= Juan Esteban Fagetti =

Uruguayan anarchist, writer, poet, journalist and soldier

Juan Esteban Fagetti (3 August 1888 – 14 August 1954) was a Uruguayan writer, poet, journalist and soldier.

==Biography==
Esteban Fagetti was born on 3 August 1883 in Paysandú, Uruguay.

In 1903, Esteban Fagetti joined the army and took part in the battle of Masoller where the general Aparicio Saravia died. After being discharged from the army in 1906, Esteban Fagetti lived in Montevideo where he became involved with the Juventud Literaria del Uruguay (Uruguayan Literary Youth) movement, which the writer Montiel Ballesteros led. Esteban Fagetti then took up residency in Buenos Aieres where he met the poet Baldomero Fernández Moreno and became the director of the magazines Lira Porteña and La Cruzada which were connected to anarchist ideas. Esteban Fagetti was self-taught. In 1919, he participated in a writing contest where he won first place for the work Canto al Uruguay under the pseudonym Alzaga.

Returning to Paysandú, he became the director of two Partido Colorado (Colorado Party) political newspapers Diario Moderno and La Razón. He won several awards for his poetry in Montevideo as in the rest of the country. Among others, he published the books: Pueblo Chico (1927), Piropos a Buenos Aires (1943), San Ramón (1945) and Tesis Lírica (1950).

In 1983, Fernando O. Lahitte published an anthology of Esteban Fagetti's poetry.

==Selected works==
- Palique del momento (Buenos Aires, 1909)
- Lo de siempre (Buenos Aires, La Lionesa, 1912)
- Élitros (Montevideo, Ed. de la Juventud Literaria, 1914)
- Mediodía (Paysandú, Ed.

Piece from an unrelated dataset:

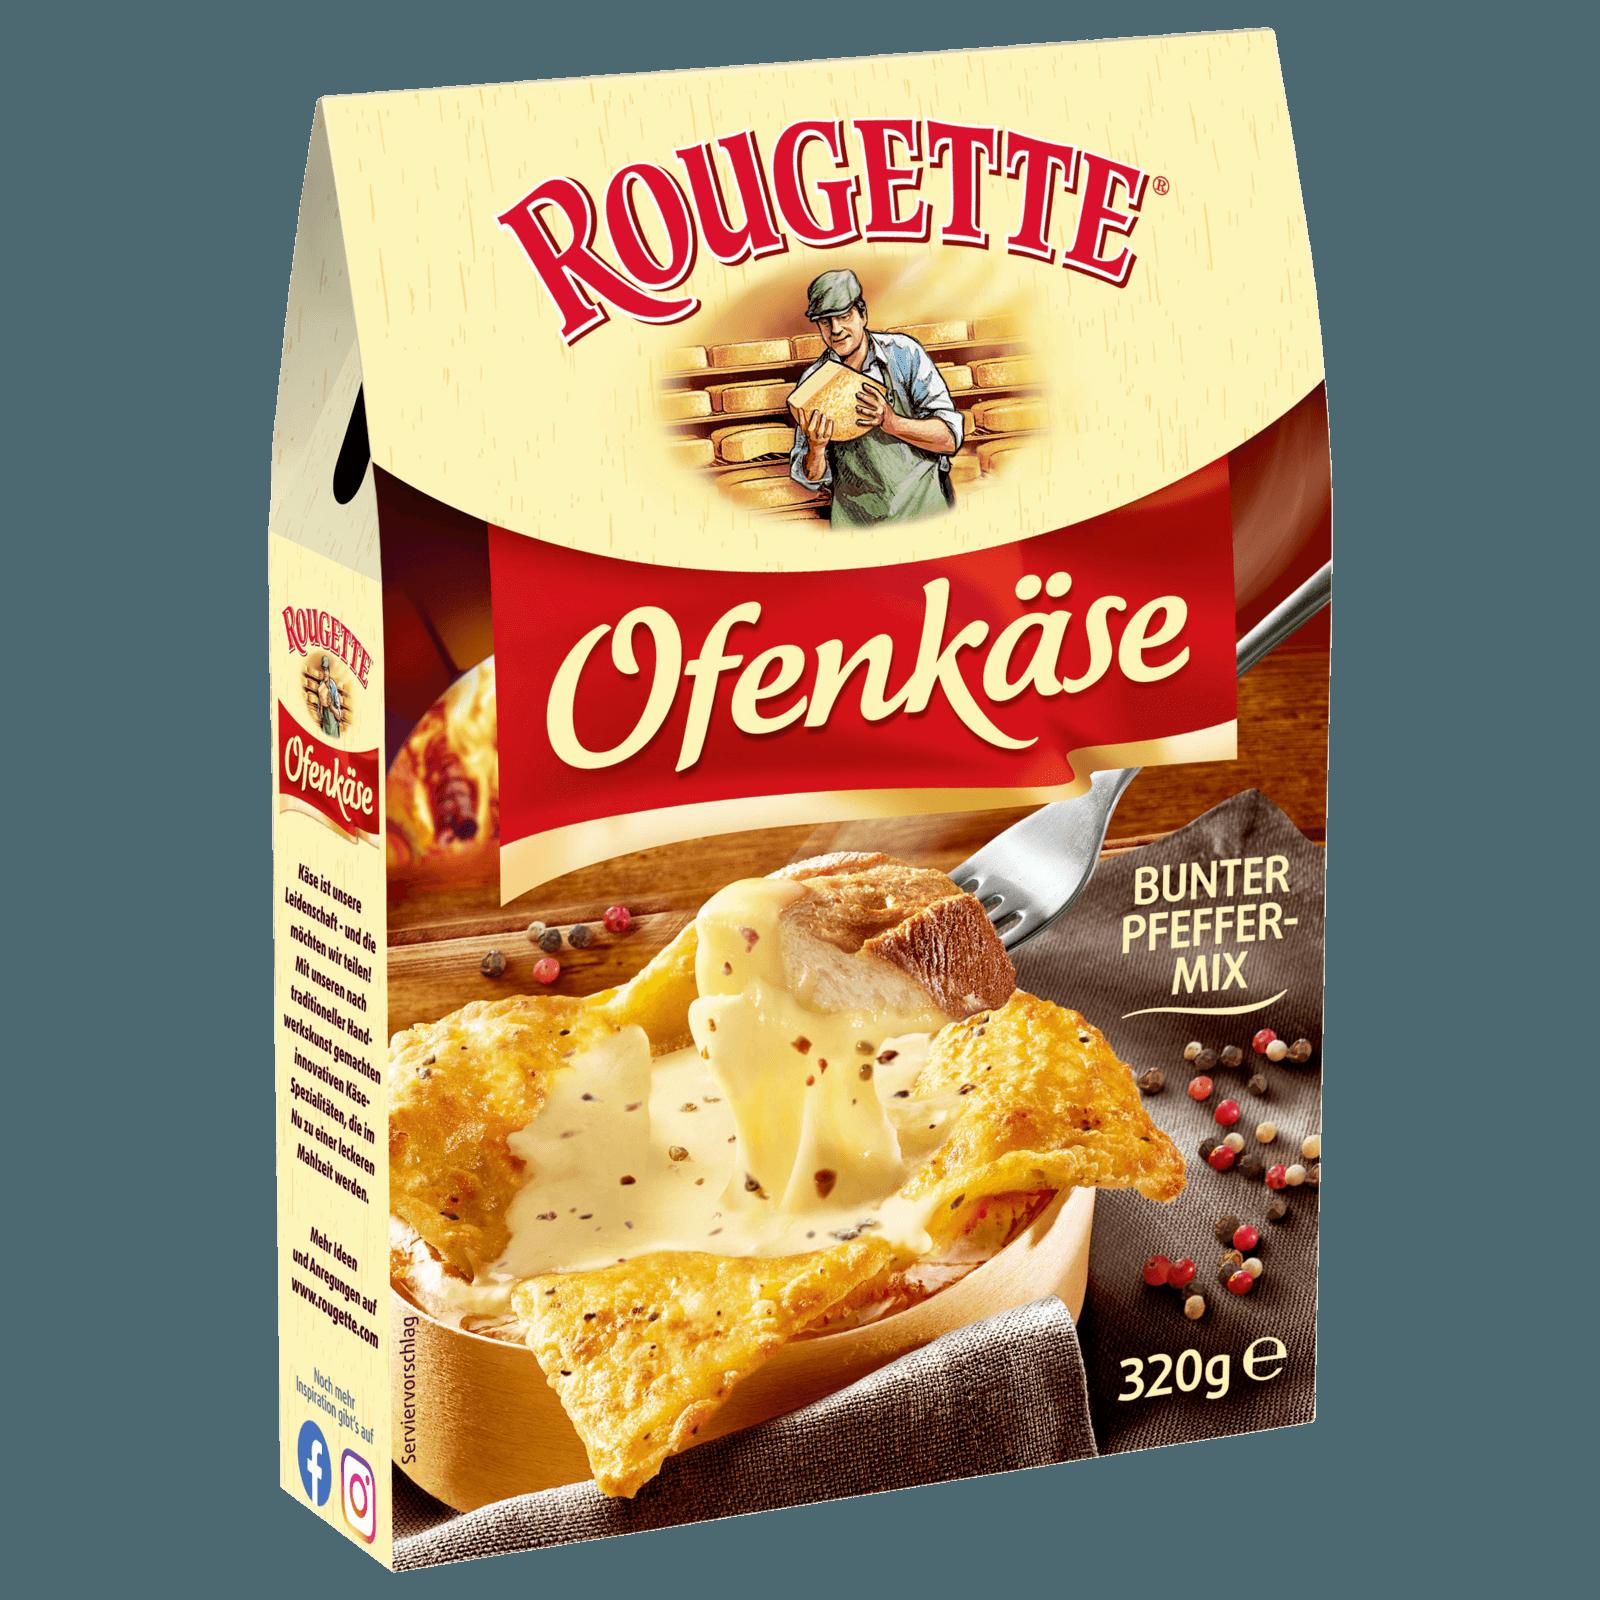 Rougette Ofenkäse Sorte der Saison Bunter Pfeffermix 320g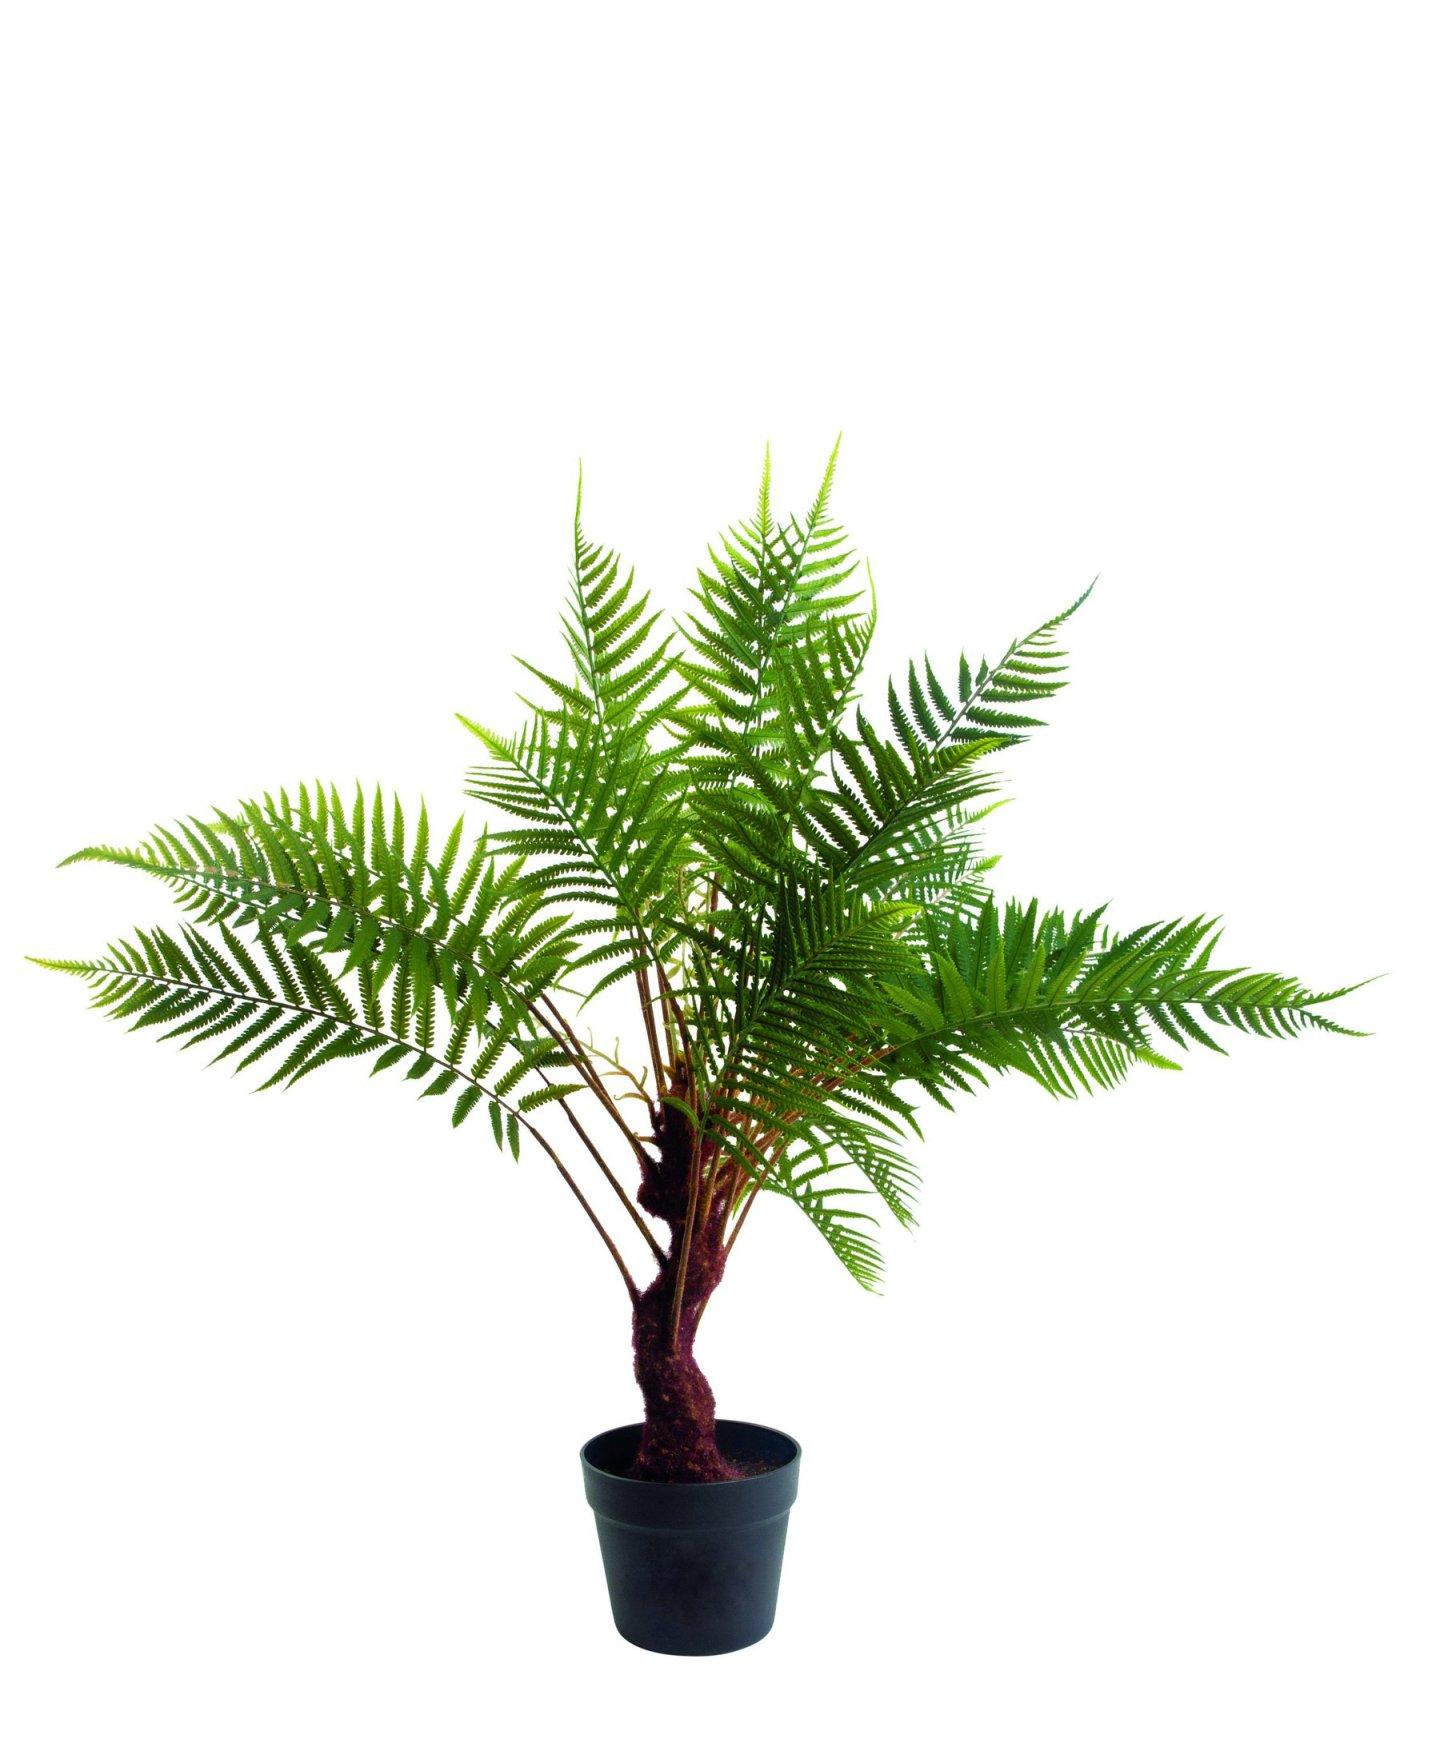 Artificial Fern Plant - Dowsing & Reynolds

Paysandú, 1916)
- Pueblo chico (Paysandú, Ed. by Diario Moderno, 1927)
- Policiales, versos escandalosos (Paysandú, 1930)
- La tierra de Leandro Gómez - dramatic poem (Paysandú, 1942)
- Piropos a Buenos Aires (Buenos Aires, Soiza Reilly, 1943)
- San Ramón (Paysandú, Ed. Paysandú, 1945)
- Tesis Lírica (para el doctorado de lo intemporal) (Paysandú, 1950)
- Antología poética (compilation of unpublished poems. Montevideo. Ed. by Fernando O. Lahilte, 1983)

==Works about Esteban Fagetti==
- D.L.Bordoli, Antología de la poesía uruguaya contemporánea, Montevideo, Universidad de la República, 1966.
- G. De Freitas, "Fagetti oficializado", en Marcha, Montevideo, N° 1072, 24/8/ 61.
- F.O.Lahitte, estudio biocrítico en Antología poética de J.E.F., Montevideo, 1983.
- A. Rama, "Fagetti: amor y rencor en Paysandú" en Marcha, Montevideo, N° 1198, 20/3/64.
- P. Rocca, "Memoria de Juan E. Fagetti: De la aldea a la poesía", en El País Cultural, Montevideo, N° 237, 20/5/94.
- P. Rocca, "Las rupturas del discurso poético (de la vanguardia y sus cuestionamientos, 1920-1940)", en Historia de la literatura uruguaya contemporánea, Tomo II, Montevideo, Ediciones de la Banda Oriental, 1997.